In summary, the allowable stress range can exceed the yield strength but not the elastic range of the material. (SA can be as large as 1/3-2/3 times the yield strength of the material. The code allows the piping material to yield during its initial cycle provided it afterwards stays within its elastic range.

## Calculation of Equivalent N when the computed stress range varies

Let us consider a scenario where the plant operating conditons have changed due to change in process parameters or plant modifications and the plant piping now undergoes thermal cycling at the new operating conditions. This will result in change of computed displacement stress range for the piping. Let us assume this displacement strange as Si. Let us associate the number of cycles associated with this displacement stress range as Ni.

Let NE be the number of thermal cycles associated with the maximum computed displacement stress range SE.

If the plant undergoes several upgrades and thermal cyclings due to changing operating conditions, the stress range reduction factor will not remain the same as the original conditon. To calculate the stress range reduction factor we have to calculate the equivalent number of cycles.

The equivalent N in such cases can be calculated using equation 1d

N = NE + ∑(ri5Ni) for i = 1,2,3,---,n...........................1d

where ri = Si/SE

Problem: Table below provides data for a plant piping system that undergoes the a number of thermal cycles. The corresponding computed displacement stress range for each thermal cycle is provided. What is the equivalent number of thermal cycles.

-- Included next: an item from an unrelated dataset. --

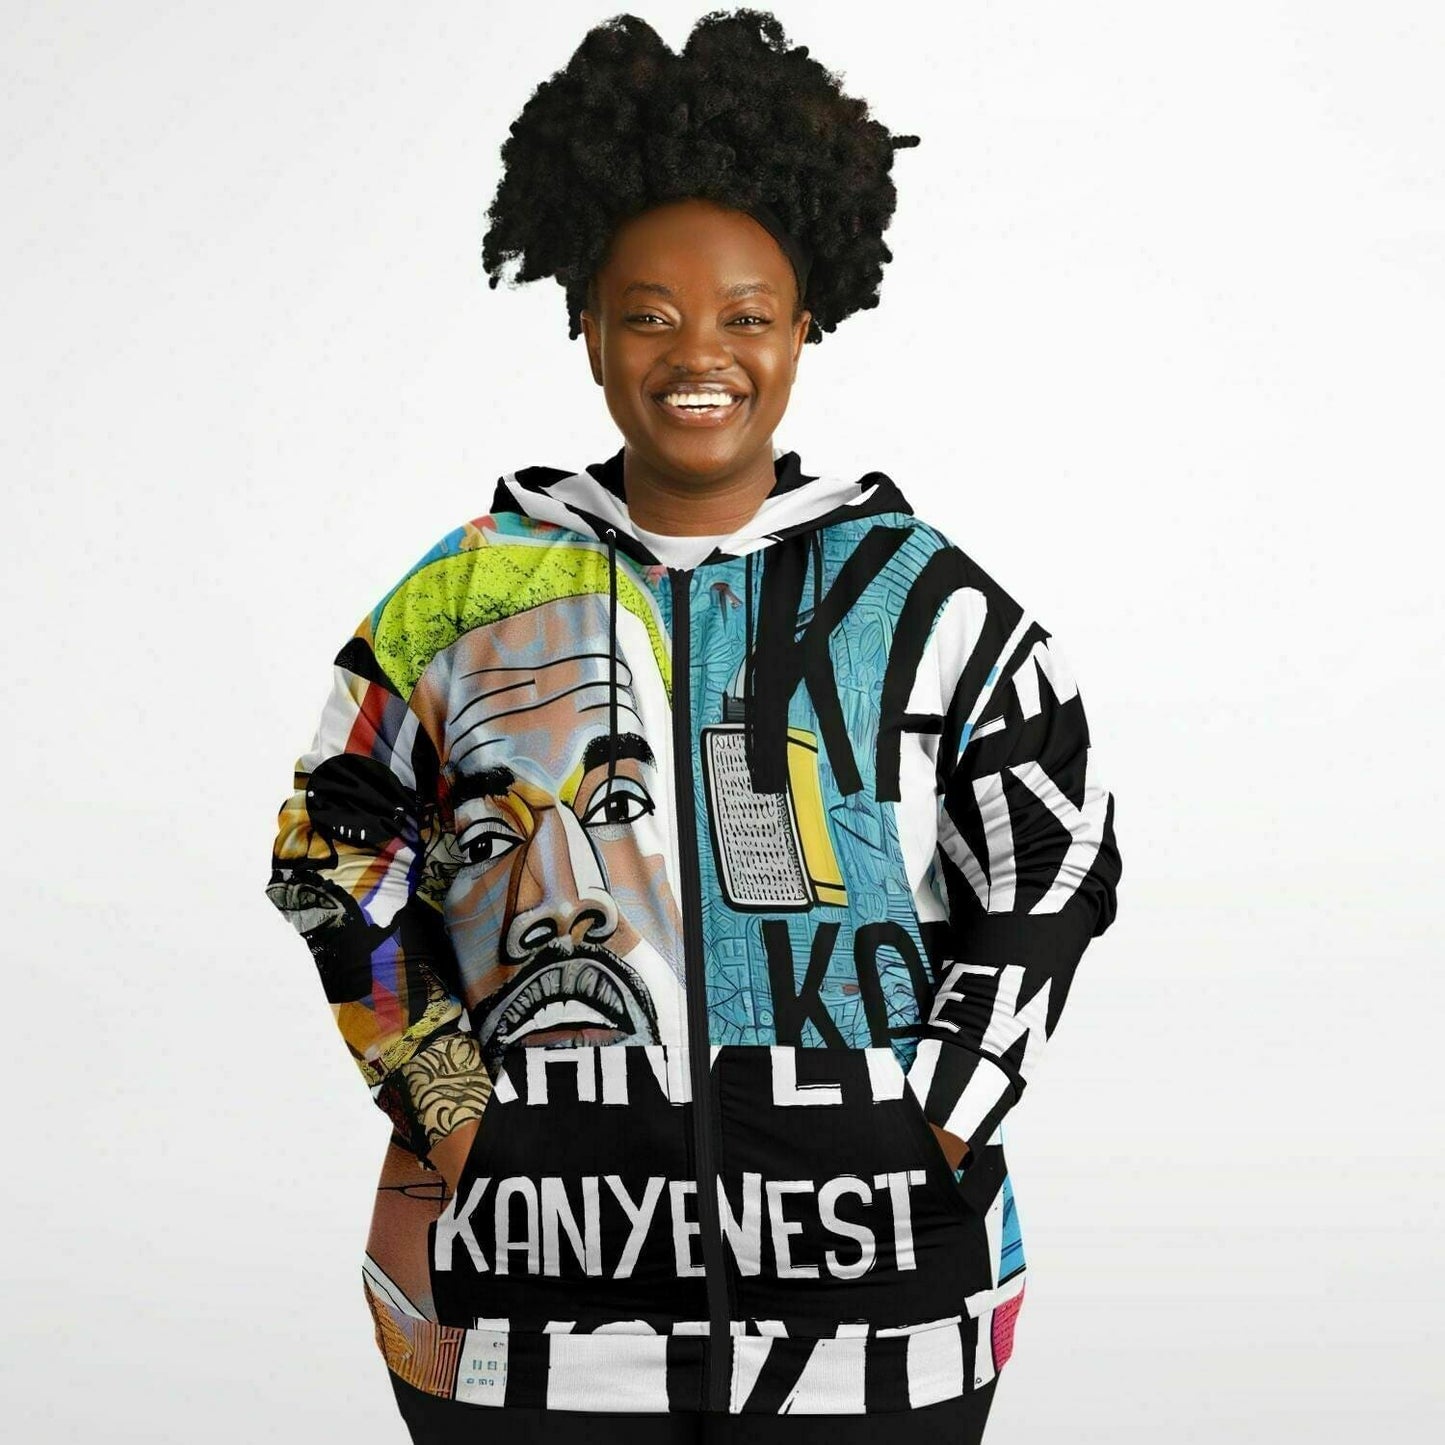 Kanye West Art Unisex Plus-Size Zip Up Hoodie HOO-DESIGN.SHOP

Number of Thermal Cycles (N) Computed Displacement Stress Range (Si)
8000 20000 psi
6000 12000 psi
5000 10000 psi
3000 8000 psi
2000 6000 psi
1000 4000 psi

Solution: The number of cycles associated with maximum displacement stress range SE = 20000 is NE = 8000.

N1 = 6000 and r1 =  S1/SE = 12000/20000 = 0.6

N2 = 5000 and r2 =  S2/SE = 10000/20000 = 0.5

N3 = 3000 and r3 =  S3/SE = 8000/20000 = 0.4

N4 = 2000 and r4 =  S4/SE = 6000/20000 = 0.3

N5 = 1000 and r5 =  S5/SE = 4000/20000 = 0.2

N = NE + N1r1 + N2r2 + N3r3 + N4r4 + N5r5

N = 8000 + 6000*0.6 + 5000*0.5 + 3000*0.4 + 2000*0.3 + 1000*0.2

N = 8000 + 3600 + 25000 + 1200 + 600 + 200 = 16100 cycles

Conclusion: Though the plant has gone through 25000 cycles in total at different computed displacement stress range, the equivalent number of cycles as per equation 1d of the code is 16100 cycles.